El segundo problema se refiere a la manera acordada para repartir los impuestos sobre los beneficios globales de las grandes empresas que, a pesar de conseguir amplios beneficios, no tiene presencia a efectos fiscales. La idea es redistribuir parte de esos beneficios globales hacia el resto de países en los que la empresa está presente. Pero los umbrales son tan altos, que apenas afectará a unas cien empresas, aquellas que facturen por encima de los 20.000 millones de euros y con rentabilidad superior al 10%. Son pocas, tan pocas que incluso monstruos digitales como Amazon podrían quedarse fuera. No sólo eso. Los países donde las multinacionales están produciendo o generando sus ventas y beneficios, apenas se repartirán una parte mínima de los beneficios globales (no llega al 5%).

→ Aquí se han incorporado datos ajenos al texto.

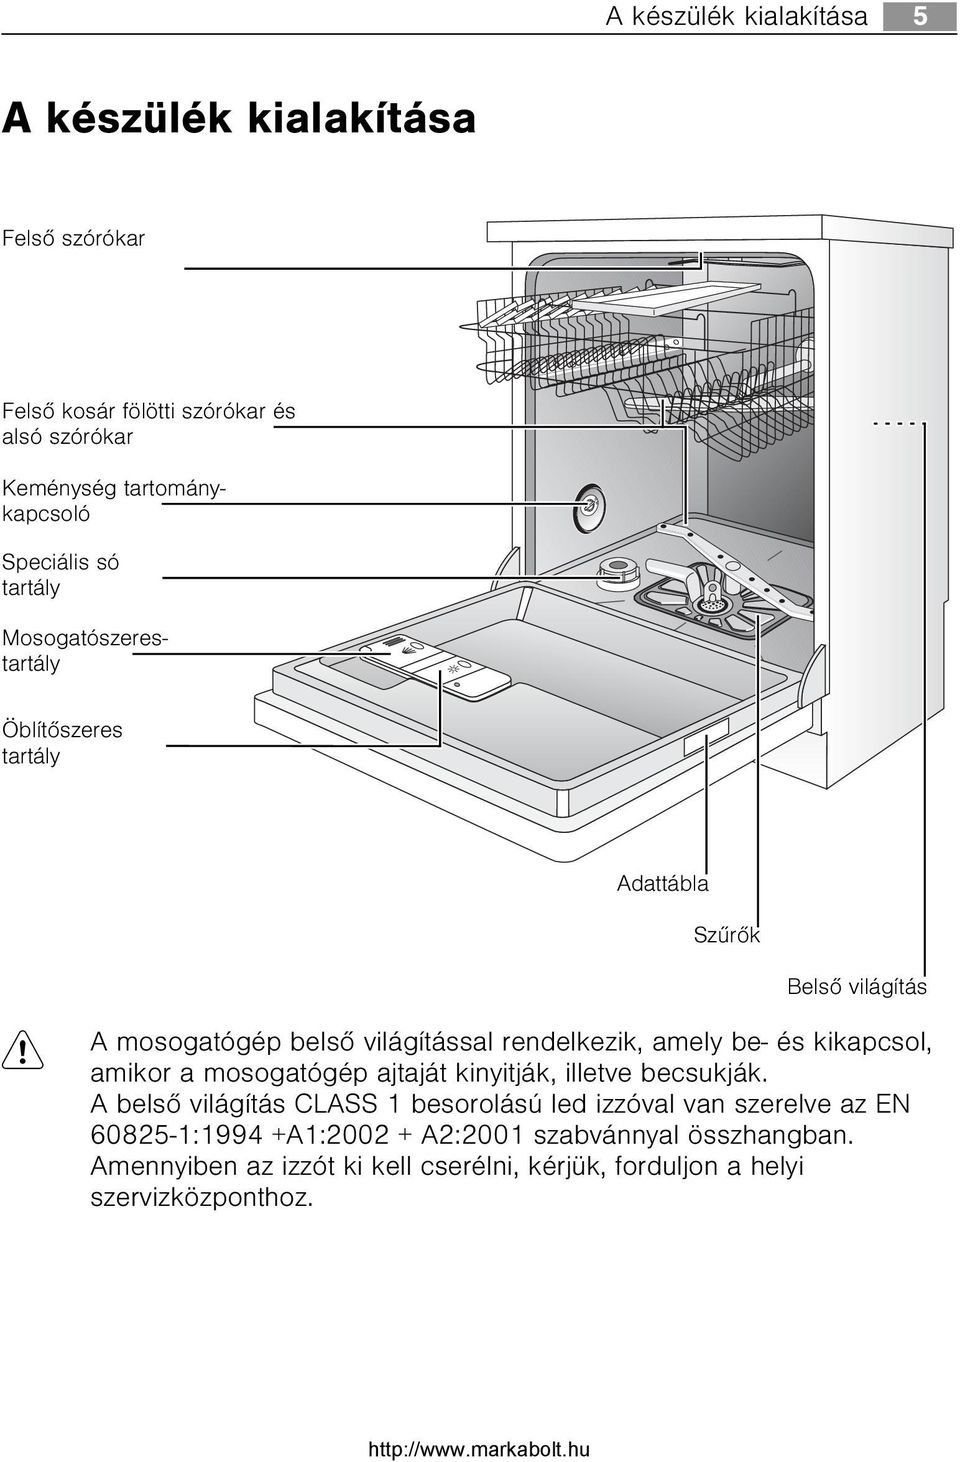 FAVORIT Automata mosogatógép. Használati útmutató. - PDF Free Download

También resultan problemáticos los flecos aún por concretar. Ya sabemos que el diablo está en los detalles. El sector financiero por ejemplo ha quedado al margen del acuerdo, sin duda por la presión de Gran Bretaña entre otros. Su exclusión supone reducir los ingresos fiscales globales a la mitad. 

Difícil que este acuerdo sea motivo de celebración. Martín Guzmán, ministro de Finanzas de Argentina, país miembro del G20, criticó la propuesta, al igual que algunos países africanos como Nigeria o Kenia que incluso renunciaron a firmar el acuerdo. En estos términos, corremos el riesgo de incrementar las desigualdades entre países.

Pero el partido aún no ha acabado. Hasta octubre todavía podemos conseguir un acuerdo que sea más justo y que genere ingresos adicionales suficientes y sustanciales para todos, incluidos los países en desarrollo. Para ello tendríamos que pensar en un tipo mínimo más alto, del 25%. Y tendríamos que garantizar que los beneficios se compartan de manera equilibrada con los países en desarrollo y que las grandes empresas que se han beneficiado de la digitalización de la economía, como Amazon no puedan eludir este acuerdo. Convendría que la opinión pública sea consciente de lo importante del momento.